Work task: You are asked to filter the data below and copy every line holding "with".

[Listed records — start]

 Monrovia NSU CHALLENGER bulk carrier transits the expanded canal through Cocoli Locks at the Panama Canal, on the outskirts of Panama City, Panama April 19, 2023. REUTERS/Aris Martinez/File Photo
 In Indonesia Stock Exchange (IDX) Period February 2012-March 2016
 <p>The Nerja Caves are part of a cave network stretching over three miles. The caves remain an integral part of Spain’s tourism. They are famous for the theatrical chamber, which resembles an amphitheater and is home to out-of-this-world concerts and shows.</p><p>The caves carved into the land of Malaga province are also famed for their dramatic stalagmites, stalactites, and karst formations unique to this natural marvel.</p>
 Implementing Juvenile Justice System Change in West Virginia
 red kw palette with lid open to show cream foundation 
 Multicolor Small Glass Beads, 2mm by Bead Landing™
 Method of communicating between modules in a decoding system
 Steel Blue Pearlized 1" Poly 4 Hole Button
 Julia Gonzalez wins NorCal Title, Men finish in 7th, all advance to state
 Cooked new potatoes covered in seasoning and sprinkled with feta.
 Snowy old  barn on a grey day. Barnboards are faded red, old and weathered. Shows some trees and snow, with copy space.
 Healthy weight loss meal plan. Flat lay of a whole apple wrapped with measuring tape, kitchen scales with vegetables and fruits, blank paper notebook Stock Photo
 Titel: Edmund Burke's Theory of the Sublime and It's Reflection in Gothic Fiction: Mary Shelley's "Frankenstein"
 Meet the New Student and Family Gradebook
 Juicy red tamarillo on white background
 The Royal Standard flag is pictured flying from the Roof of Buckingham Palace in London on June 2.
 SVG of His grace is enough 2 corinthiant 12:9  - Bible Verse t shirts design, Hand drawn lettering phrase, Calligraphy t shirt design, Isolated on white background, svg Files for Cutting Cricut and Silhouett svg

[Listed records — finish]

Solution below:
 red kw palette with lid open to show cream foundation 
 Cooked new potatoes covered in seasoning and sprinkled with feta.
 Snowy old  barn on a grey day. Barnboards are faded red, old and weathered. Shows some trees and snow, with copy space.
 Healthy weight loss meal plan. Flat lay of a whole apple wrapped with measuring tape, kitchen scales with vegetables and fruits, blank paper notebook Stock Photo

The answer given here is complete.